Friday, November 1, 2013

Review me Twice - Ashes by Ilsa J. Bick



So, for one, I had no idea this was a zombie book until I started reading it. The back doesn't really give you that much of a clue.  It just says that people change, some for the better, some for the worse.  So I was expecting some sort of super power something, but not zombies.

Which... I liked, because a lot of times you go in with a lot of preconceptions when you realize something is a zombie story.  I like that I didn't really have those for Ashes.  It really let me see Bick's zombies as she wanted, I think (which were animalistic, but adaptable creatures.)

She's also really good at making you turn pages.  I constantly was picking it up, reading it, wanting to know what happened and not being able to handle the cliff hangers.  Alex (our main character, not my co-blogger), was a well fleshed out, likable character.  I really like Ellie (an eight year old girl she kind of gets stuck with) and even Tom, our love interest.

But... halfway through the book, it's not about Tom and Ellie anymore.  They're not even in that part of the story and Alex... she's not the character that I fell in love with in the beginning of the book.  She becomes very complacent and stays in this place that she had been ready to run as fast as possible from when she first got there.

It ended with a TREMENDOUS cliff hanger that you kind of saw coming (in the sense that you knew something was wrong), but kind of didn't.  It made me want to read the second book, if nothing else, but I hope that we see more of Tom & Ellie in book two because the book was kind of dumb without them.
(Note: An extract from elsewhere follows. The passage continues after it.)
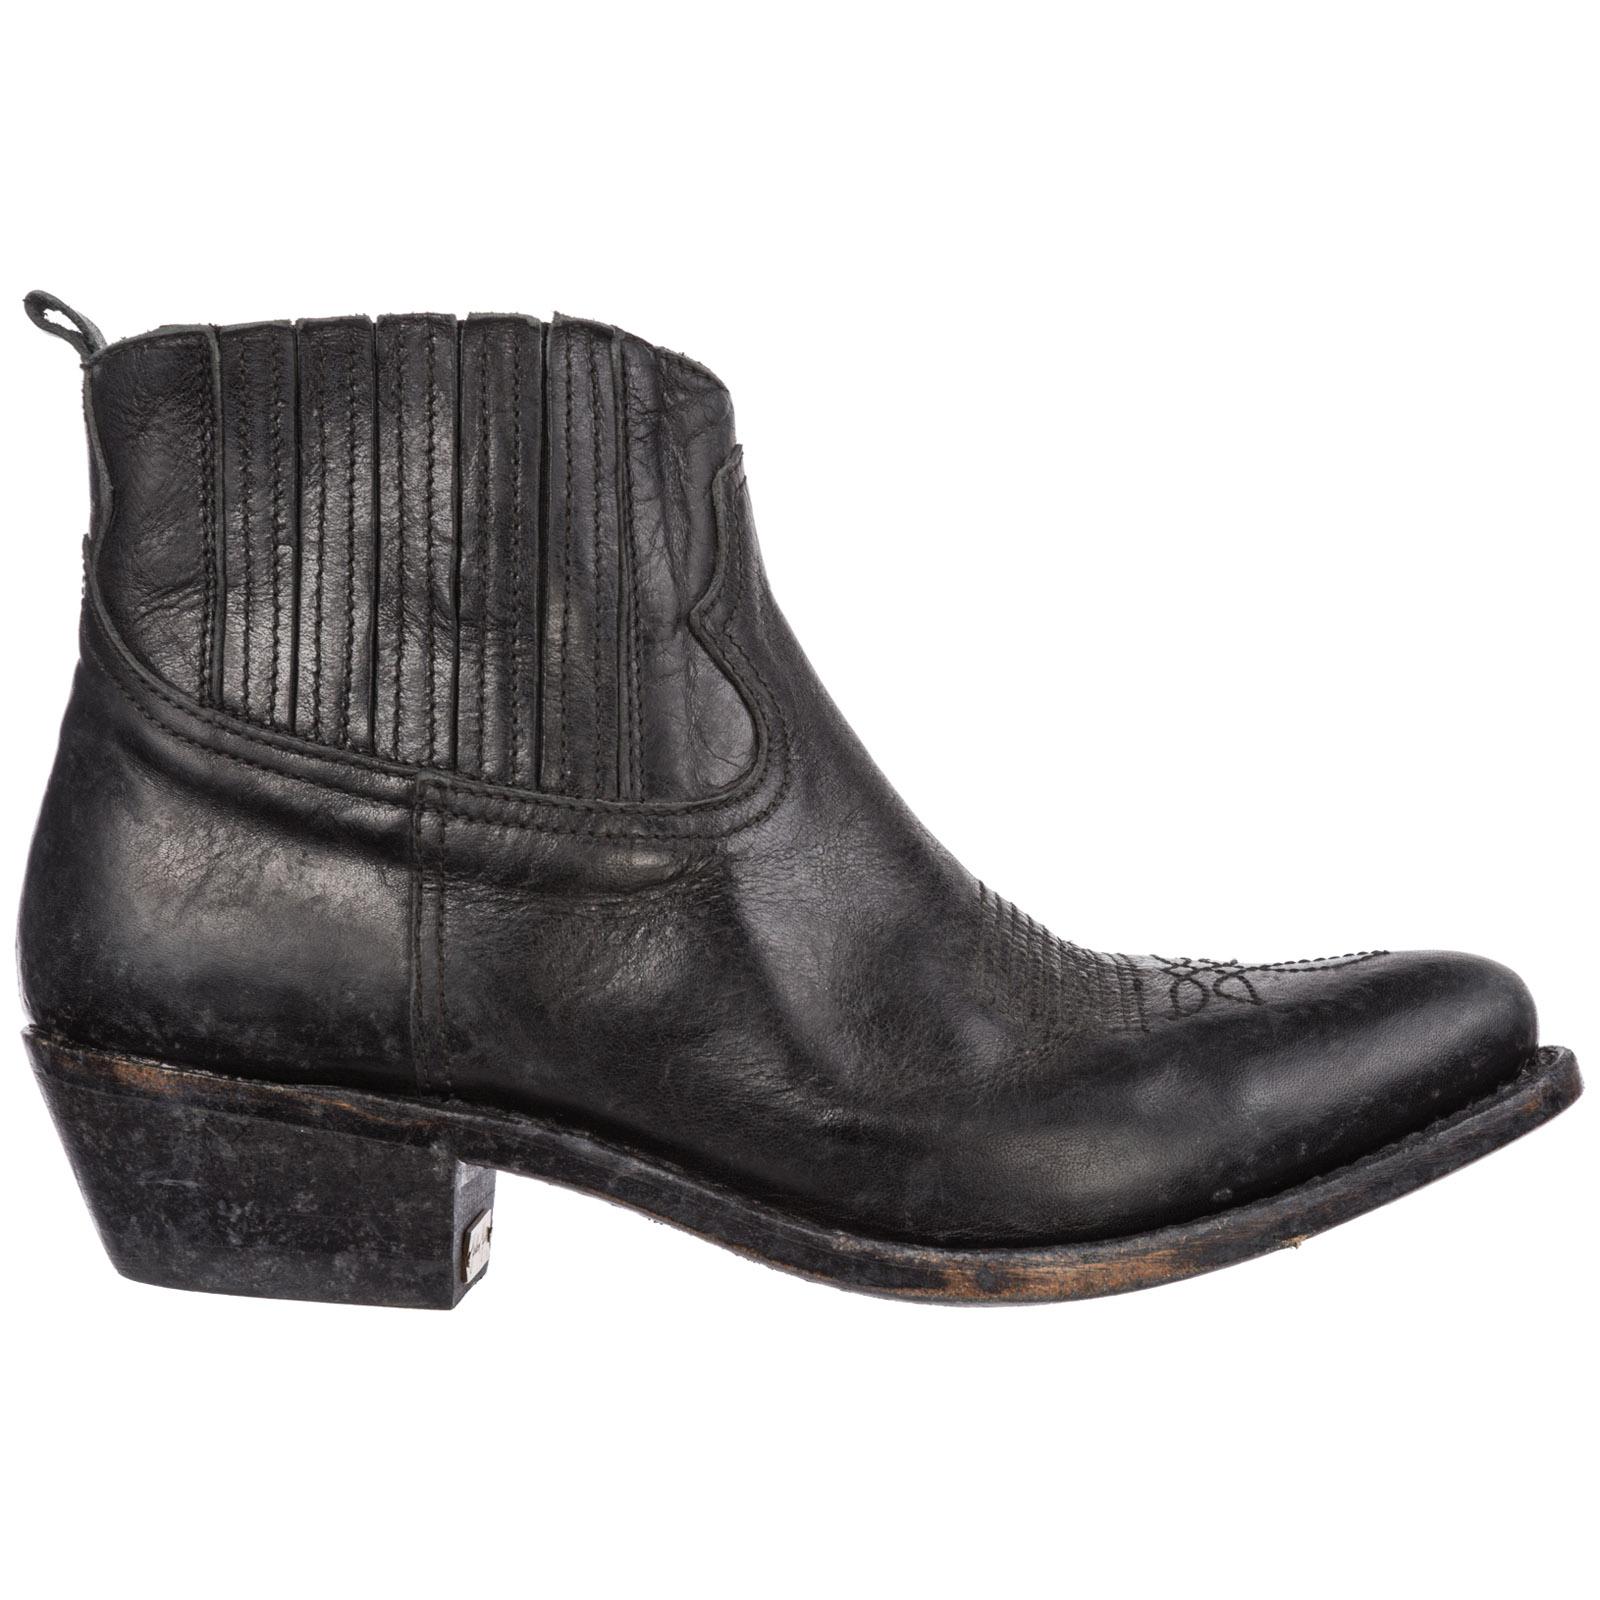 c6a2f9b953 Stivaletti stivali donna con tacco in pelle
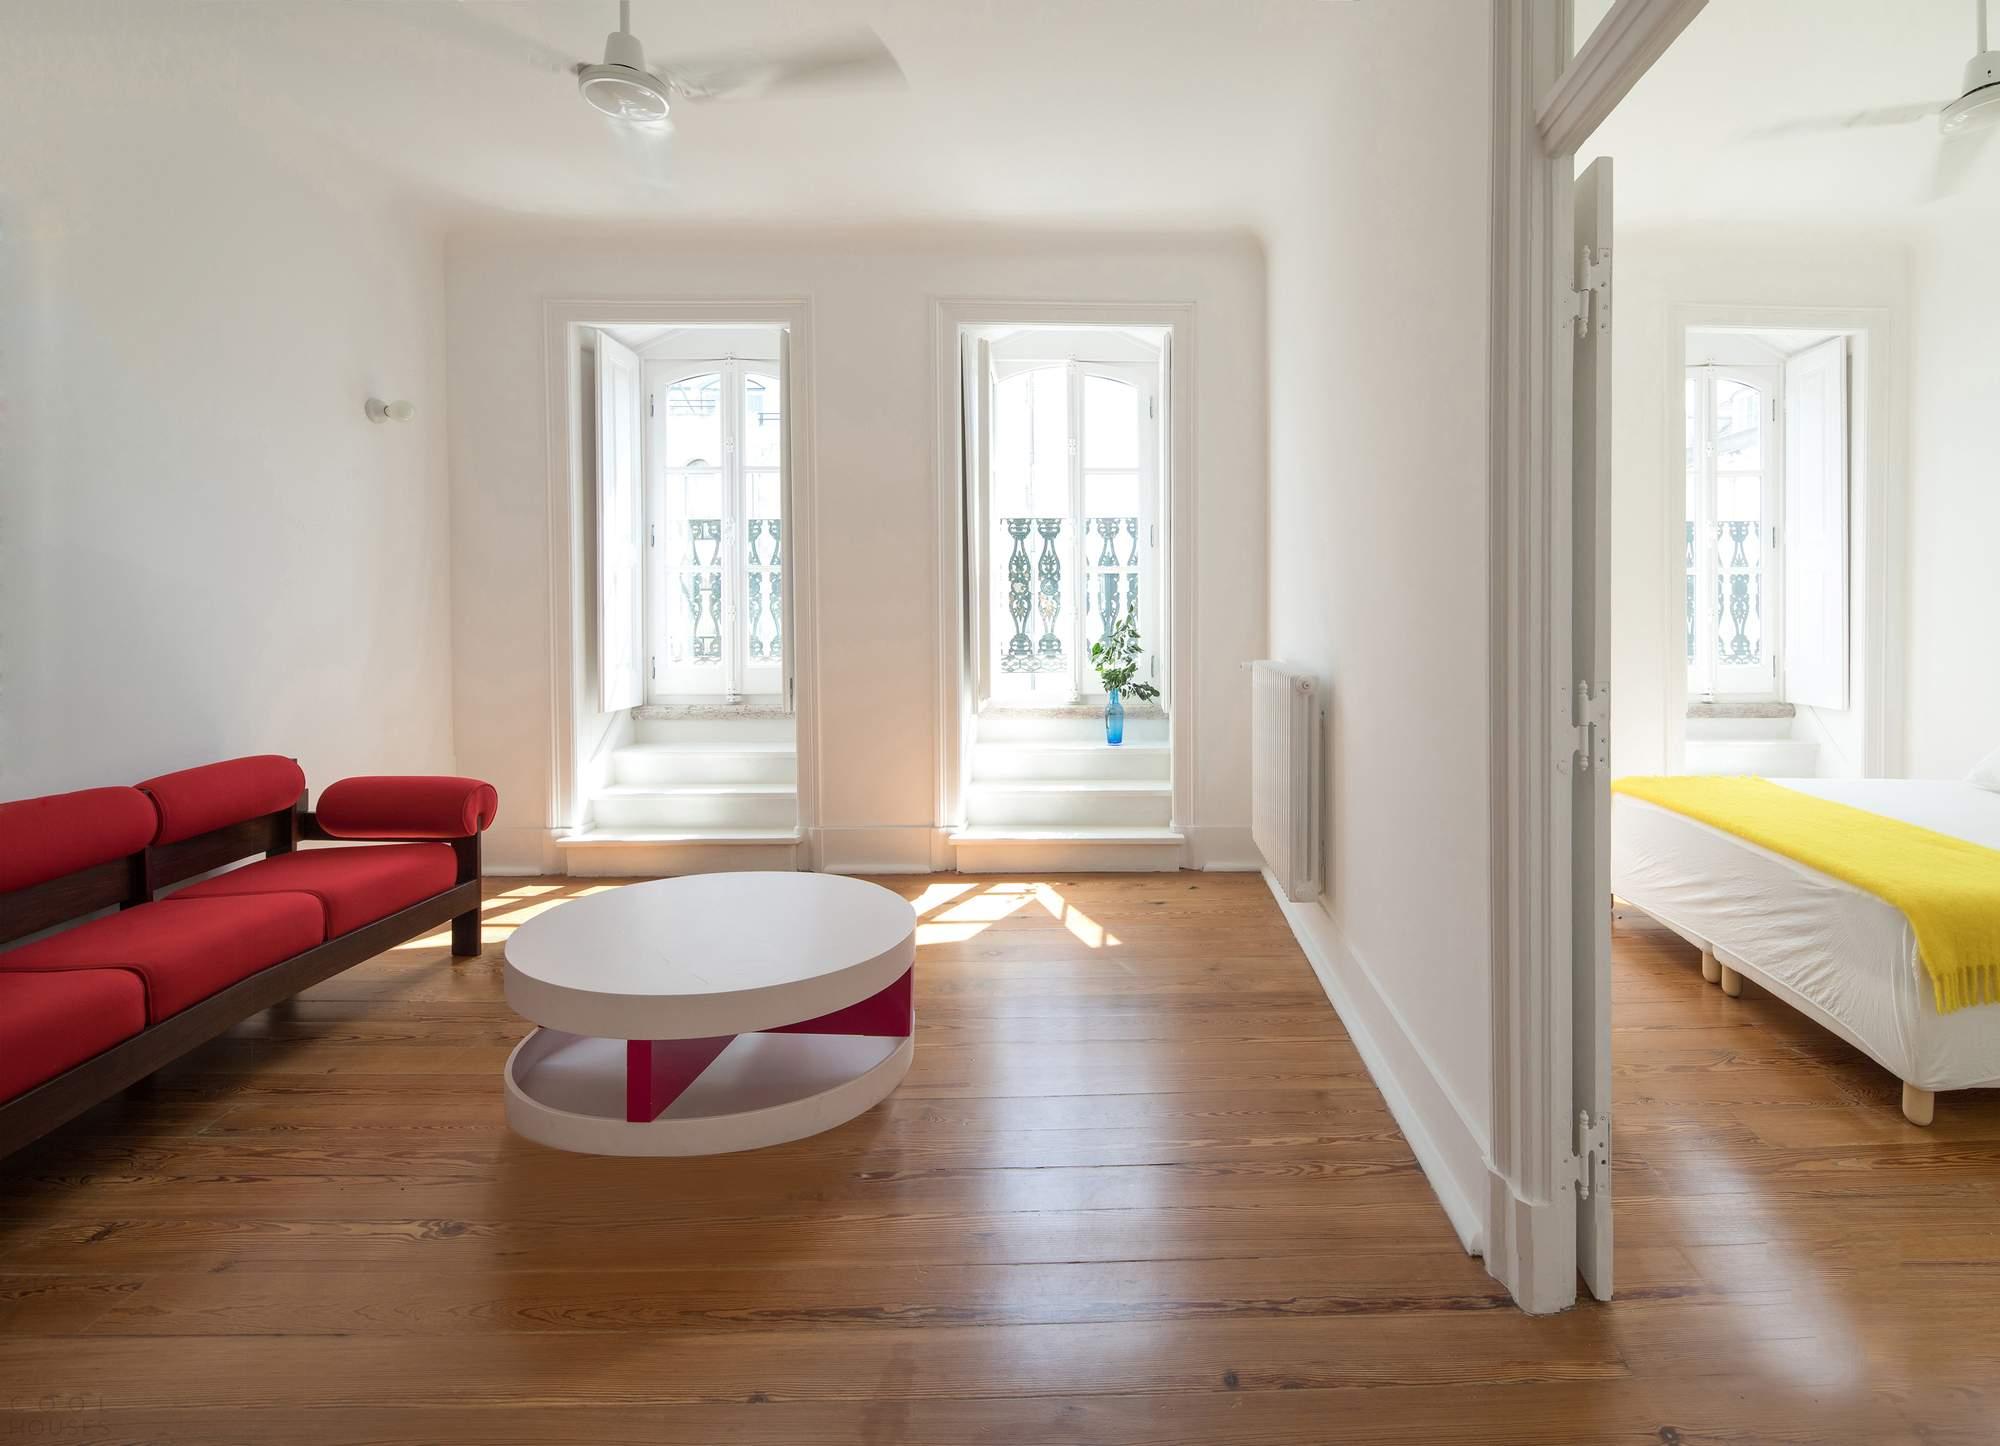 Апартаменты, сохранившие свой исторический характер, Португалия

There are two almost-separate stories in this book. We start with Alex, who later meets up with Tom and Ellie, and then somewhere between halfway and 2/3 of the way in, it's just Alex. I usually hate this writing tactic, because I rush through the part with the lone character hoping to hear about the others again. I did not do that this time, and I think it's just because I liked the second half just as much as I liked the first. (Usually I don't, because you build all this great momentum with the first and then BAM here's a totally different pace and new group of people, deal with it. That still happened, but I was given fair warning and it didn't just suddenly happen.)

Only once before with this blog was I so entranced by a book we read that I was compelled to read the next book in the series (that was with Divergent). I have already read Shadows and I'm now reading Monsters.

After a while, you see a very heavy writing pattern emerge. (I didn't notice it until I was about 1/3 through Shadows, but in retrospect, it was there in Ashes too.) It's hard to describe, though. It seems like, with every single chapter (after a while), our characters have more and more awfulness piled upon them. I mean, I've barely begun Monsters and with every page, you expect everyone to just drop dead because how could any of them possibly take any more?

But, my favorite thing about these books is that Bick is down-and-dirty. There is some sick, twisted stuff in these books. The first time you see one of the changed kids? I just suggest not eating while you read this one. It's awesome.